Work required: Look through the listing below for the line with "Berkeley Berkeley Rowling" and the line with "Young man wearing". Copy both, along with every line between them, exactly and with no pictures.

Dataset content:
□ □ □ □

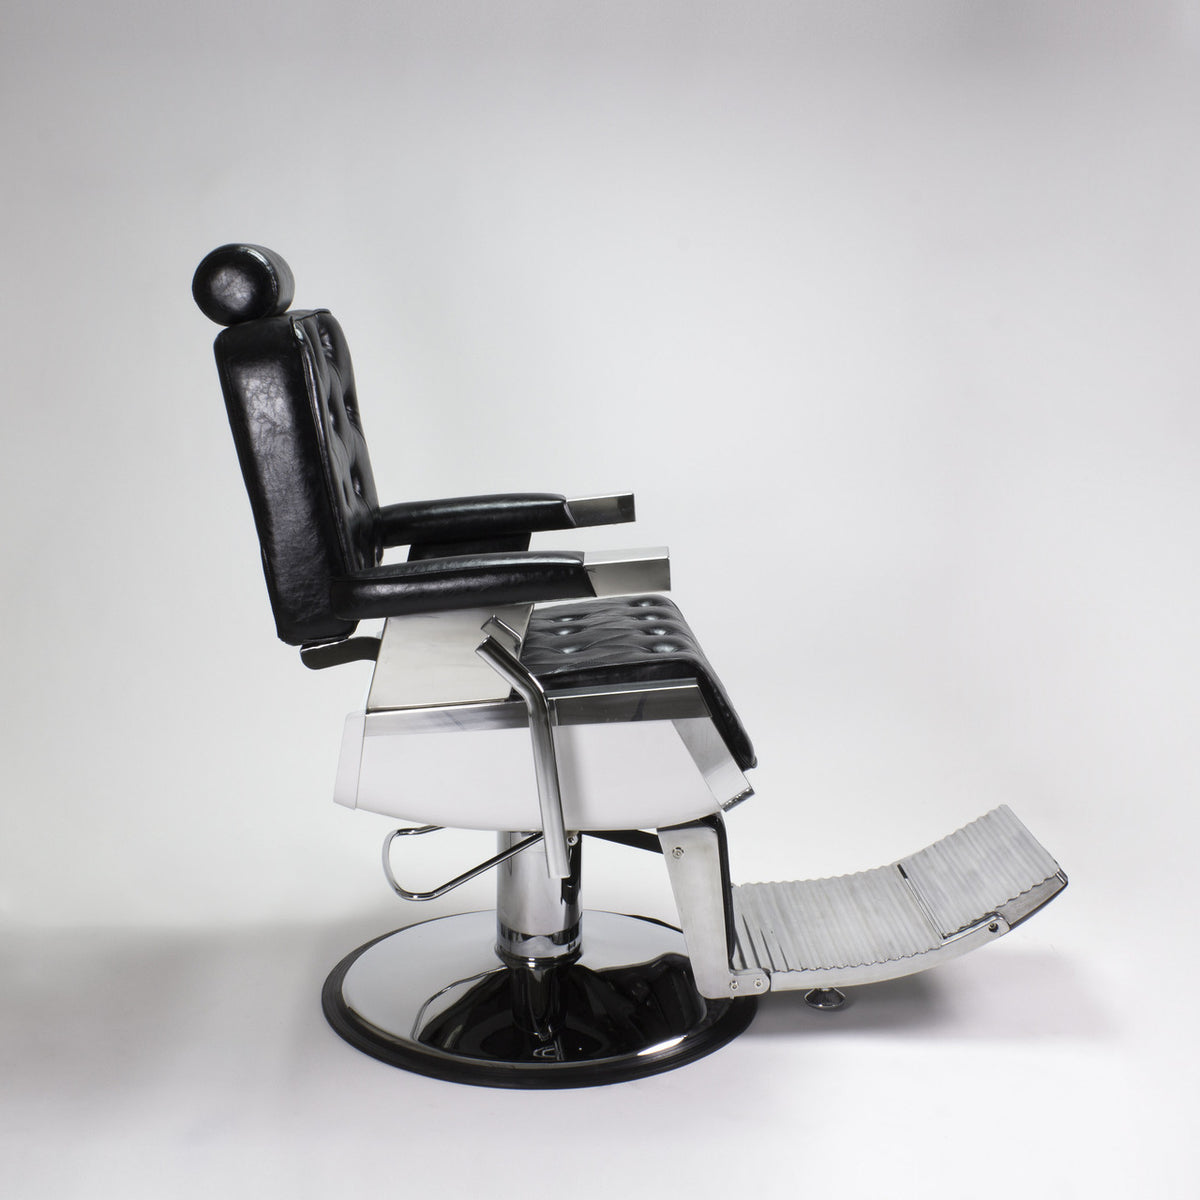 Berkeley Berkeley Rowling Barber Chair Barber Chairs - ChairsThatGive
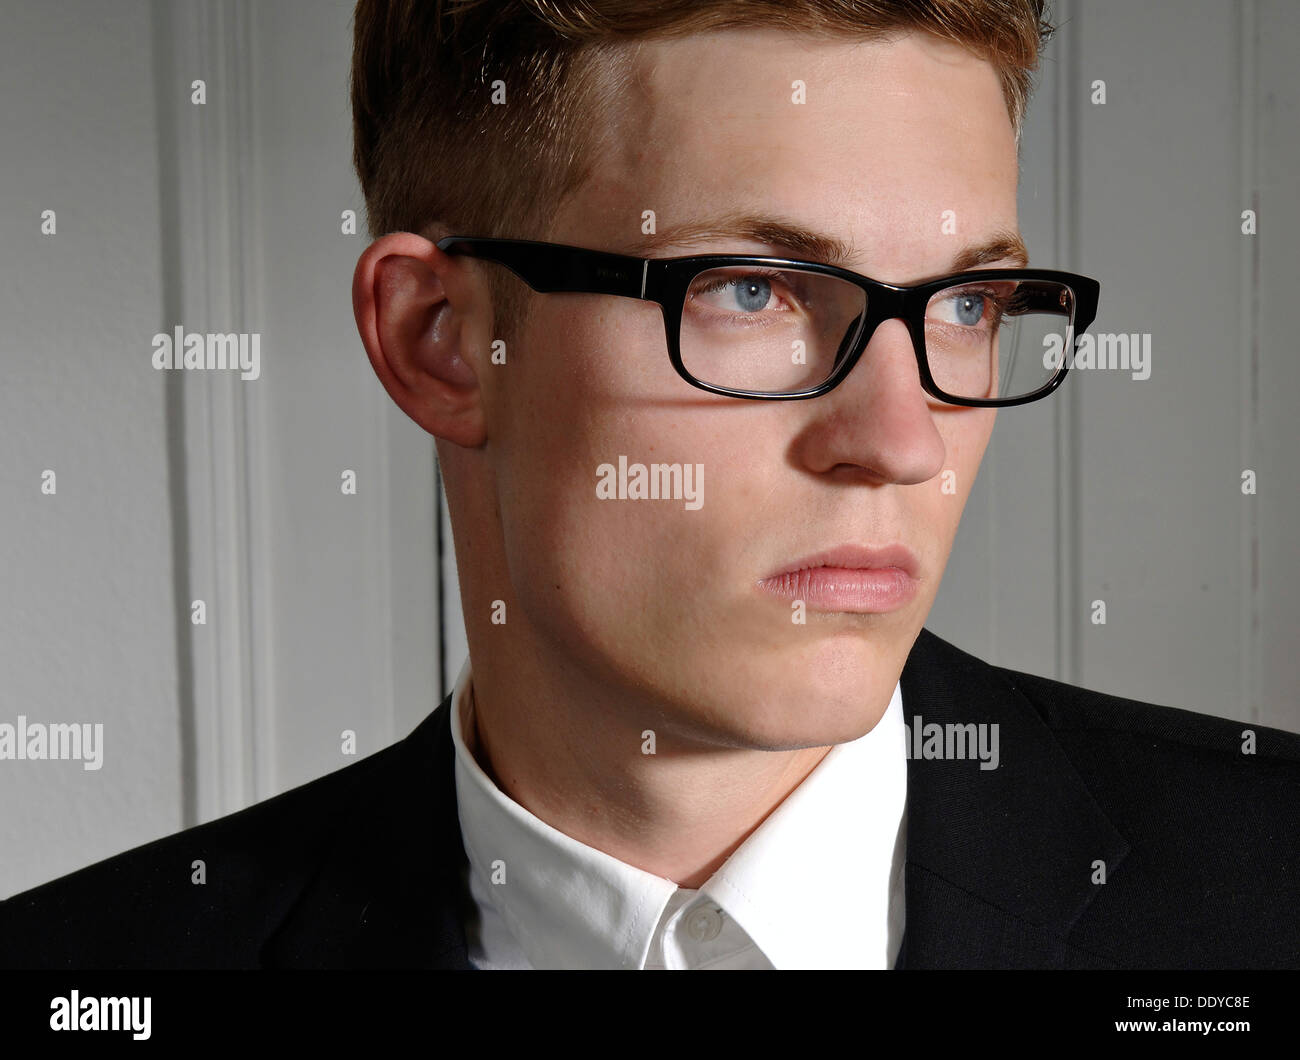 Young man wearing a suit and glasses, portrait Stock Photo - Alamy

□ □ □ □

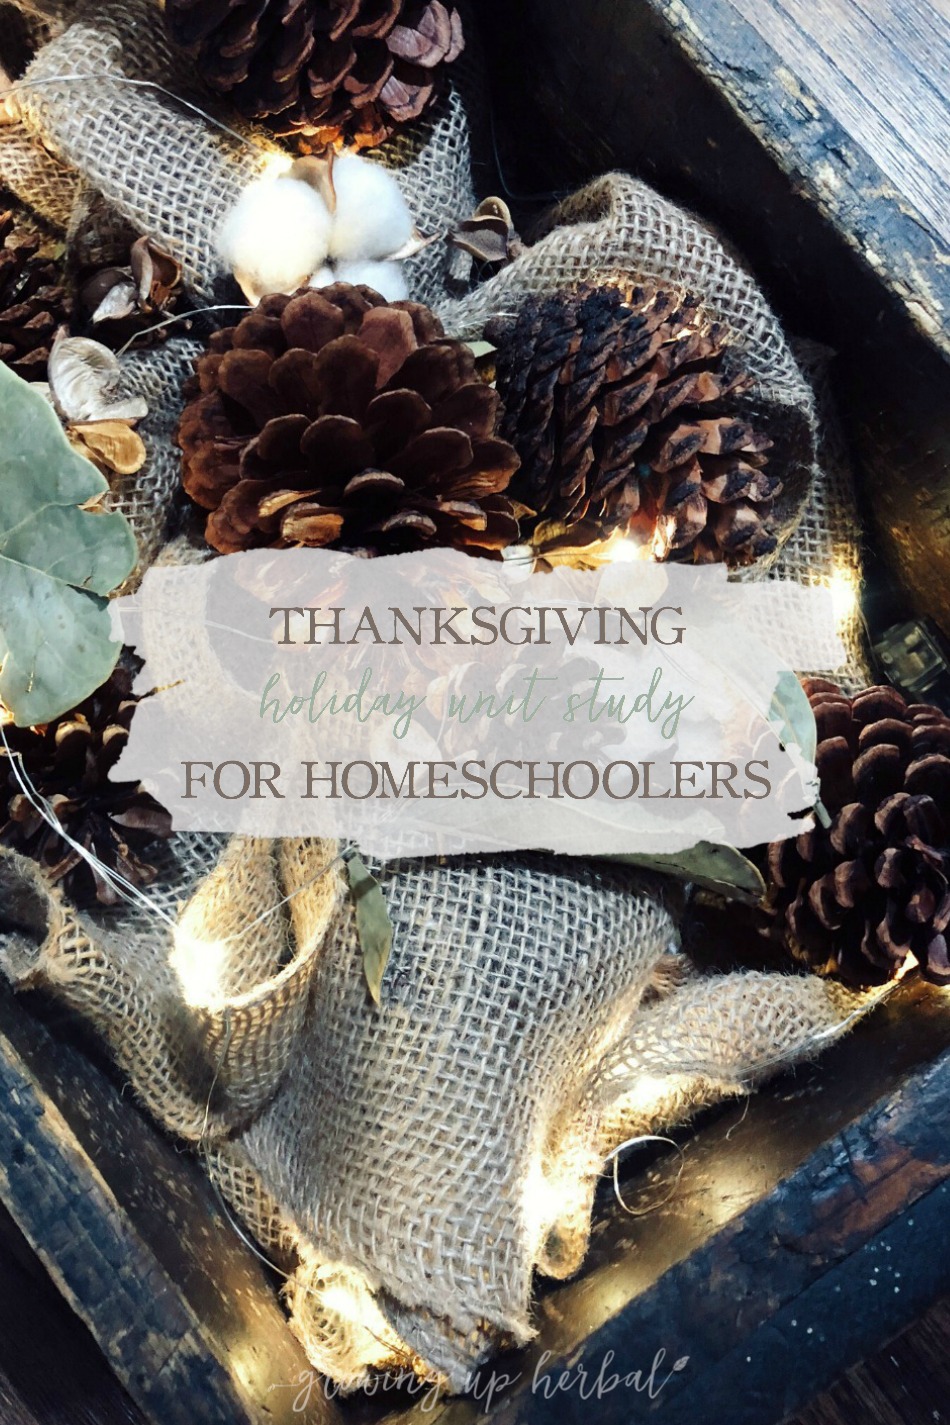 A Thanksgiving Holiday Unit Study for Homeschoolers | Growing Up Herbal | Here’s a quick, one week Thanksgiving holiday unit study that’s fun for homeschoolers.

□ □ □ □

Answer section:
 Berkeley Berkeley Rowling Barber Chair Barber Chairs - ChairsThatGive
 Young man wearing a suit and glasses, portrait Stock Photo - Alamy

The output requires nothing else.